If you already know the weights (e.g. 0.5, 0.3, 0.2), pass them with --weights. They will be normalized to sum to 1. Do not set --optimize_method.

python model_arithmetic/arithmetic.py \
  --config pi05_hang_cloth \
  --data-path hang_cloth_val.pkl \
  --checkpoints \
    /path/to/ckpt_run1/90000 \
    /path/to/ckpt_run2/90000 \
    /path/to/ckpt_run3/90000 \
  --output /path/to/mixed_ckpt_manual \
  --weights 0.5 0.3 0.2 \
  --use_gpu \
  --gpu_ids "0"

Number of values in --weights must match the number of checkpoints.


PyTorch checkpoints: arithmetic_torch.py

For OpenPI PyTorch checkpoints (each dir must contain model.safetensors), use arithmetic_torch.py. Same methods as JAX (average, inverse_loss, gradient_descent, adaptive_gradient_descent, greedy, manual --weights).

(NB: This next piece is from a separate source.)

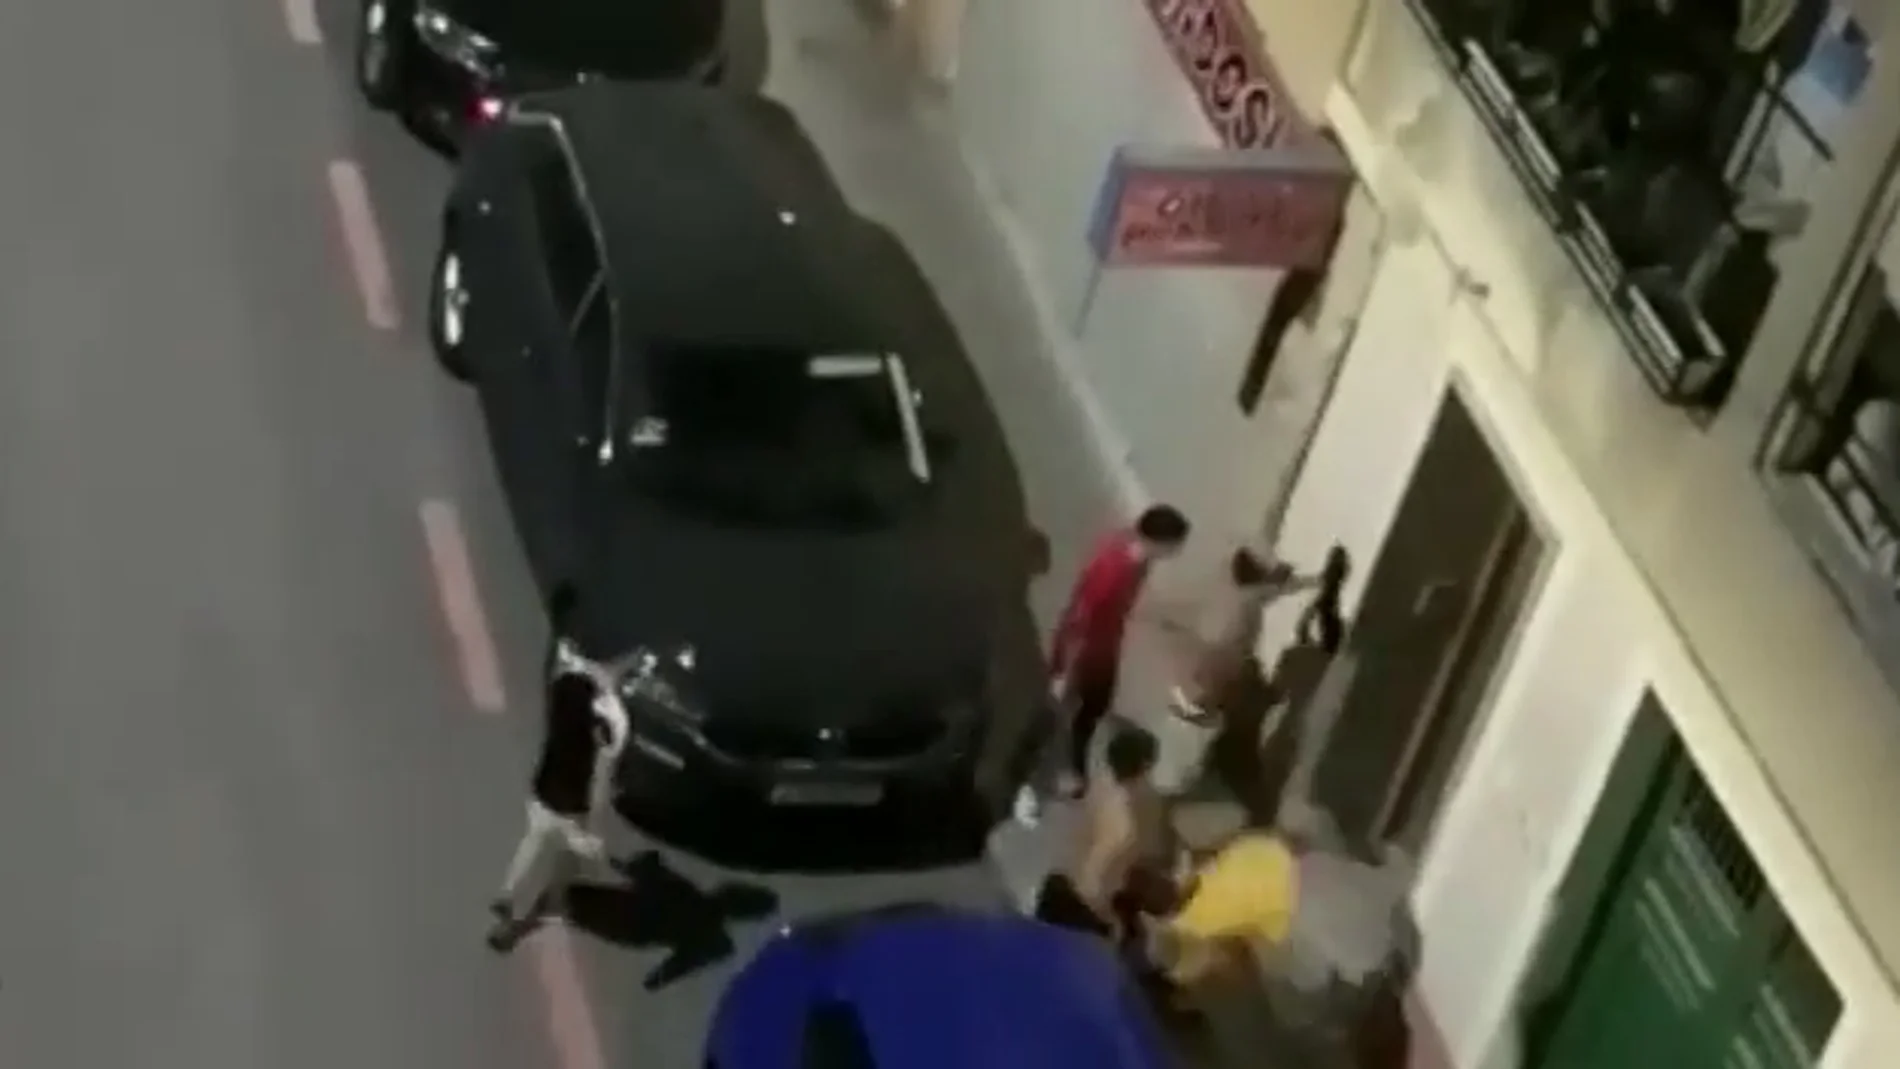 Cuatro jóvenes detenidos tras participar en una pelea multitudinaria con palos y cuchillos en Alicante

Example with gradient_descent:

python model_arithmetic/arithmetic_torch.py \
  --config pi05_hang_cloth \
  --data-path hang_cloth_val.pkl \
  --checkpoints /path/to/torch_ckpt1 /path/to/torch_ckpt2 /path/to/torch_ckpt3 \
  --output /path/to/mixed_torch_ckpt \
  --optimize_method gradient_descent \
  --num_iterations 50 \
  --learning_rate 0.05

Example with inverse_loss:

python model_arithmetic/arithmetic_torch.py \
  --config pi05_hang_cloth \
  --data-path hang_cloth_val.pkl \
  --checkpoints /path/to/torch_ckpt1 /path/to/torch_ckpt2 \
  --output /path/to/mixed_torch_ckpt \
  --optimize_method inverse_loss

Example with manual weights:

python model_arithmetic/arithmetic_torch.py \
  --config pi05_hang_cloth \
  --data-path hang_cloth_val.pkl \
  --checkpoints /path/to/torch_ckpt1 /path/to/torch_ckpt2 \
  --output /path/to/mixed_torch_ckpt \
  --weights 0.6 0.4

Requires pip install safetensors if not already installed.